Given a query, we evaluate the model on searching the more similar sentence. To do so, starting from the original dataset, we build a new dataset by selecting the pairs with a similarity score > 4. The task is to correctly retrieve the twin sentence.

As evaluation metrics, we use Rank@1, Rank@2, Rank@3, Rank@4, Rank@5, where Rank@n means how much times the correct twin is retrieved by the model in the first "n" more similar sentences retrieved. For example, Rank@3 checks if the retrieved item is in the first 3 positions.

In [None]:
# Retrieve pairs in the dataset having the two sentences with similar meaning (synonyms)
def get_similar_pairs(dataset):
    sent1 = []
    sent2 = []
    # We use idx to know the index of similar instances in the dataset
    idx = []
    for i in range(len(dataset["sentence1"])):
        # We define two sentences as similar if their similarity score is > 4
        if round(dataset["similarity_score"][i]) > 4:
            sent1.append(dataset["sentence1"][i])
            sent2.append(dataset["sentence2"][i])
            idx.append(i)
    return sent1, sent2, idx


# Get the percentage of how many times the correct sentence to be retrieved is
# in the first "n" best retrieved sentences
def get_rank_n(pred_scores, n, idx):
    rank = sum([k in np.argsort(pred_scores[i])[-n:] for i, k in enumerate(idx)]) / len(pred_scores)
    return rank

Let's obtain the datasets with similar samples for each split.

In [None]:
sent1_train, sent2_train, idx_train = get_similar_pairs(training_set)
sent1_eval, sent2_eval, idx_eval = get_similar_pairs(eval_set)
sent1_test, sent2_test, idx_test = get_similar_pairs(test_set)

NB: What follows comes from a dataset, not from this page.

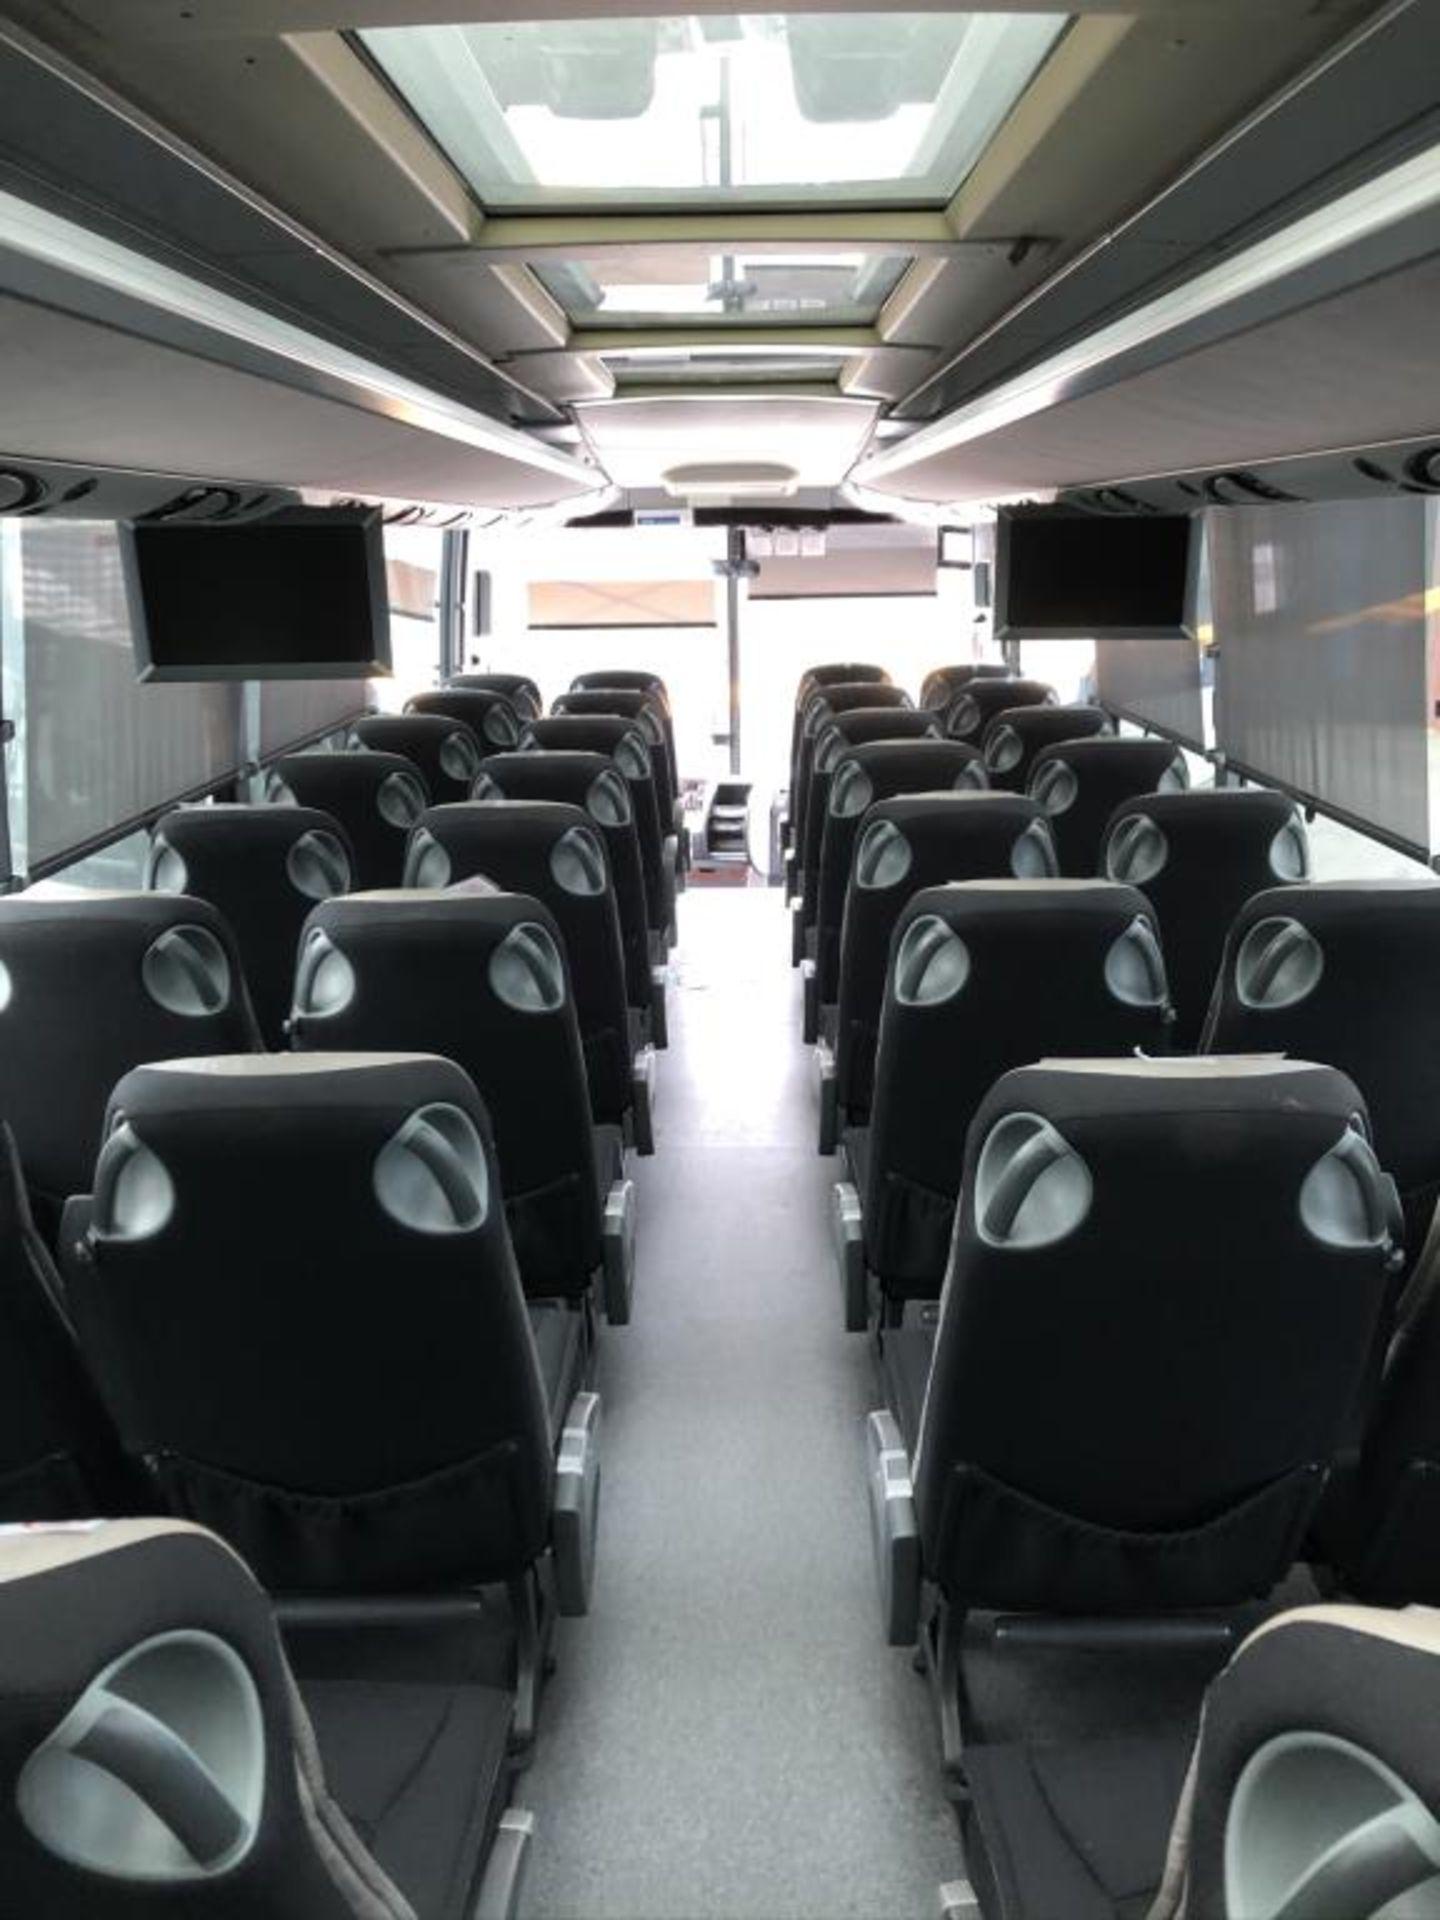 Motor Coach - Image 7 of 13

print(f"Number of train twin samples: {len(sent1_train)}/{len(training_set)}")
print(f"Number of eval twin samples: {len(sent1_eval)}/{len(eval_set)}")
print(f"Number of test twin samples: {len(sent1_test)}/{len(test_set)}")

Get Rank@n scores on the test set.

In [None]:
# Encode all the sentences of the sent1_test dataset
embed_sent1_twins_test = encode_text(model, sent1_test)

# Compute the similarity with ALL the sentences_2 of the entire test set
pred_scores_twins_test = util.cos_sim(embed_sent1_twins_test, embed_sent2_test).cpu().tolist()

print("Get rank-n results on the test set given the sentence-1 set as the query:")
for n in [1, 2, 3, 4, 5]:
    rank = get_rank_n(pred_scores_twins_test, n, idx_test)
    print(f"Rank@{n}: {round(rank*100, 2)}%")

###**Exercise 2**
Swap the twins to search. Thus, we want to search sentence_1 given sentence_2 as input. Is the model performance better or worse?

In [None]:
# Encode all the sentences of the sent1_test dataset
embed_sent1_twins_test = encode_text(model, sent2_test)
embed_sent2_twins_test = encode_text(model, sent1_test)

# Compute the similarity with ALL the sentences_2 of the entire test set
pred_scores_twins_test = util.cos_sim(embed_sent1_twins_test, embed_sent2_test).cpu().tolist()

print("Get rank-n results on the test set given the sentence-1 set as the query:")
for n in [1, 2, 3, 4, 5]:
    rank = get_rank_n(pred_scores_twins_test, n, idx_test)
    print(f"Rank@{n}: {round(rank*100, 2)}%")

###**Exercise 3**
Compute the rank@n metrics on the validation set and, as before, swap also the twin to search. Compared to the test set, is the model performance better or worse?

In [None]:
# Encode all the sentences of the sent1_eval dataset
embed_sent1_twins_eval = encode_text(model, sent1_eval)

# Compute the similarity with ALL the sentences_2 of the entire eval set
pred_scores_twins_eval = util.cos_sim(embed_sent1_twins_eval, embed_sent2_eval).cpu().tolist()

print("Get rank-n results on the eval set given the sentence-1 set as the query:")
for n in [1, 2, 3, 4, 5]:
    rank = get_rank_n(pred_scores_twins_eval, n, idx_eval)
    print(f"Rank@{n}: {round(rank*100, 2)}%")


# Encode all the sentences of the sent1_eval dataset
embed_sent1_twins_eval = encode_text(model, sent2_eval)
embed_sent2_twins_eval = encode_text(model, sent1_eval)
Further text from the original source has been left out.